* Dataset section:

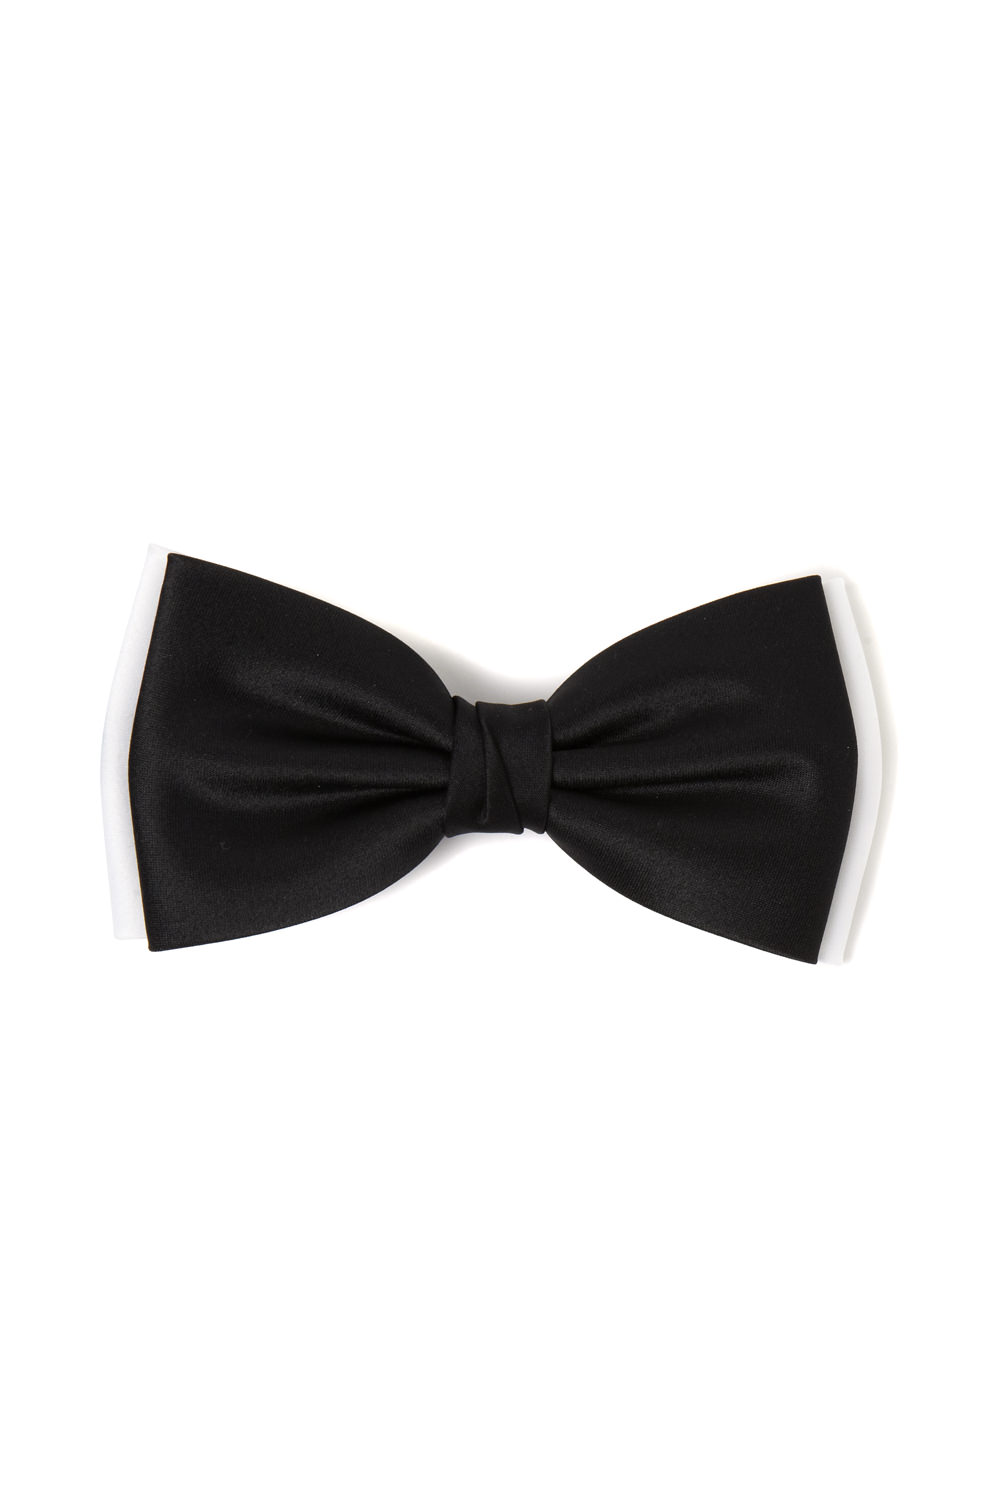       Occasions Ties   Mens Black   White Contrast Bow Tie By Moss Bros
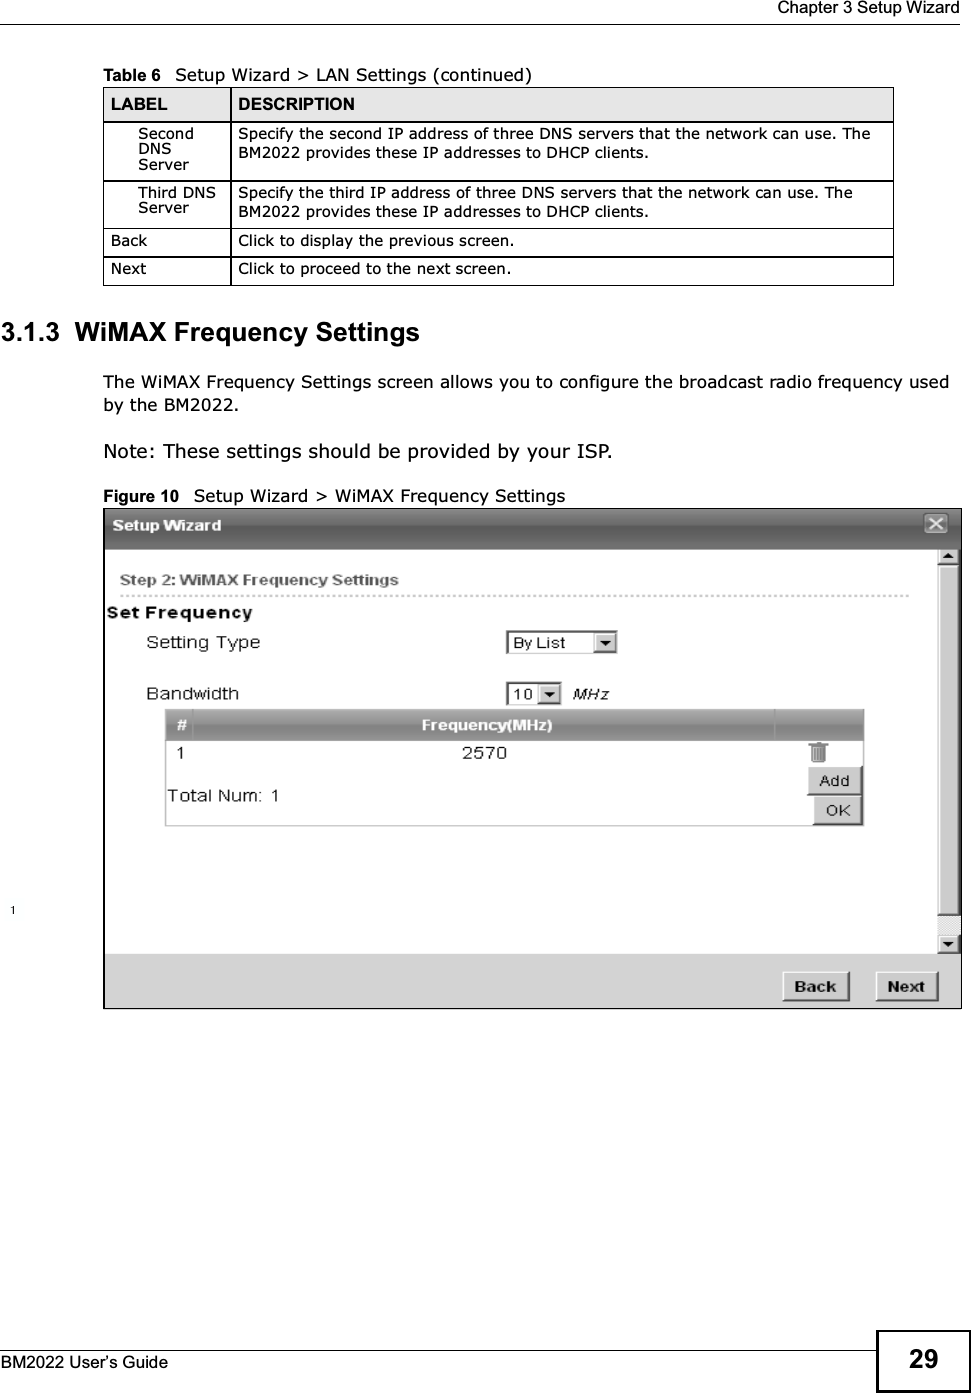  Chapter 3 Setup WizardBM2022 Users Guide 293.1.3  WiMAX Frequency SettingsThe WiMAX Frequency Settings screen allows you to configure the broadcast radio frequency used by the BM2022.Note: These settings should be provided by your ISP.Figure 10   Setup Wizard &gt; WiMAX Frequency SettingsSecond DNS ServerSpecify the second IP address of three DNS servers that the network can use. The BM2022 provides these IP addresses to DHCP clients.Third DNS ServerSpecify the third IP address of three DNS servers that the network can use. The BM2022 provides these IP addresses to DHCP clients.Back Click to display the previous screen.Next Click to proceed to the next screen. Table 6   Setup Wizard &gt; LAN Settings (continued)LABEL DESCRIPTION
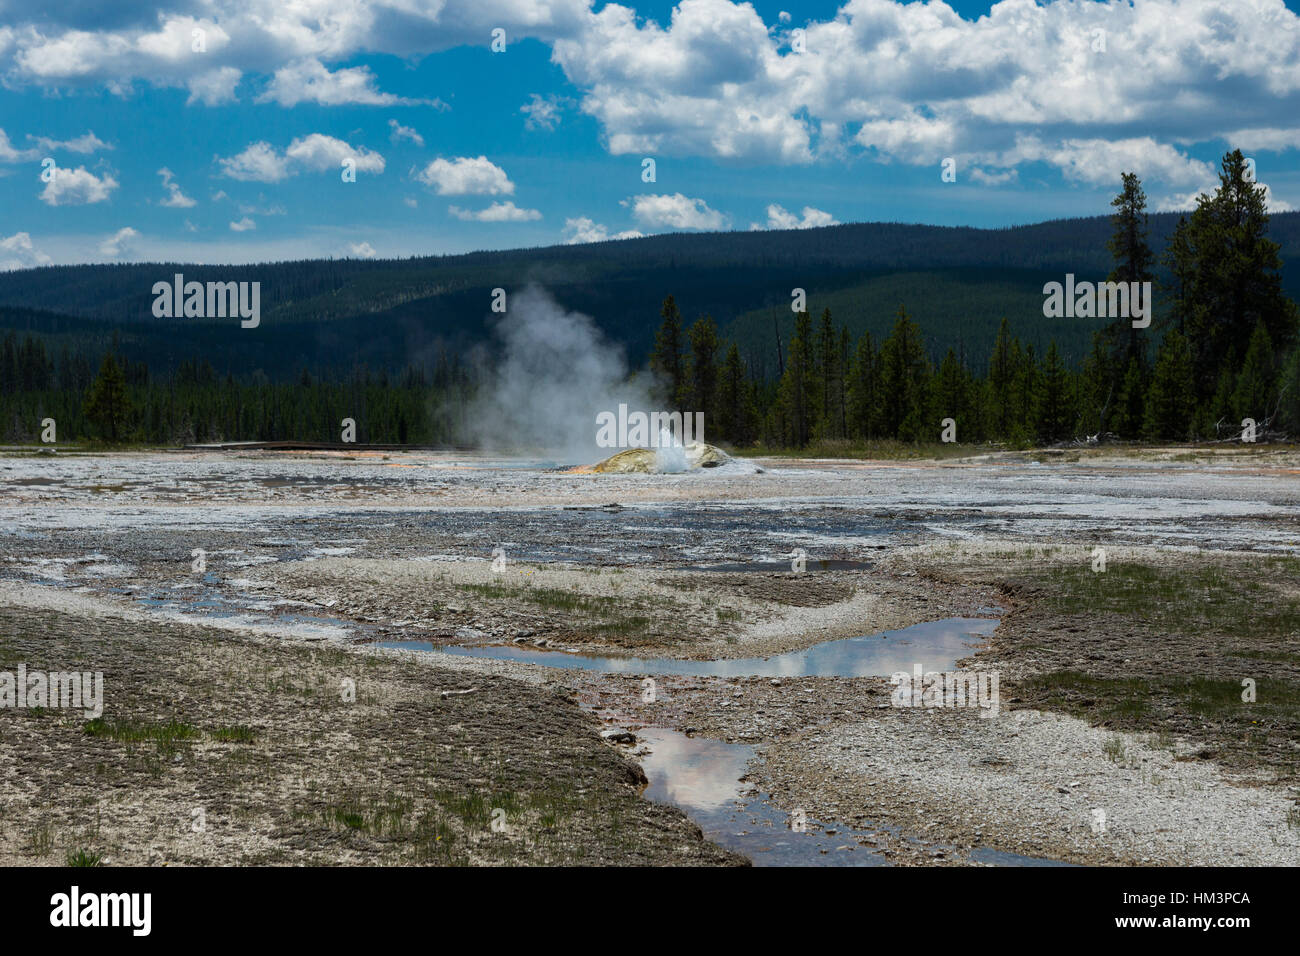 Daisy Geyser, Upper Geyser Basin, Parc National de Yellowstone, Wyoming, USA Banque D'Images

* Exercise instructions:
A faithful copy of all the data above, without its pictures, is the expected result.

* Worked solution:
       Occasions Ties   Mens Black   White Contrast Bow Tie By Moss Bros
  Chapter 3 Setup WizardBM2022 Users Guide 293.1.3  WiMAX Frequency SettingsThe WiMAX Frequency Settings screen allows you to configure the broadcast radio frequency used by the BM2022.Note: These settings should be provided by your ISP.Figure 10   Setup Wizard &gt; WiMAX Frequency SettingsSecond DNS ServerSpecify the second IP address of three DNS servers that the network can use. The BM2022 provides these IP addresses to DHCP clients.Third DNS ServerSpecify the third IP address of three DNS servers that the network can use. The BM2022 provides these IP addresses to DHCP clients.Back Click to display the previous screen.Next Click to proceed to the next screen. Table 6   Setup Wizard &gt; LAN Settings (continued)LABEL DESCRIPTION
 Daisy Geyser, Upper Geyser Basin, Parc National de Yellowstone, Wyoming, USA Banque D'Images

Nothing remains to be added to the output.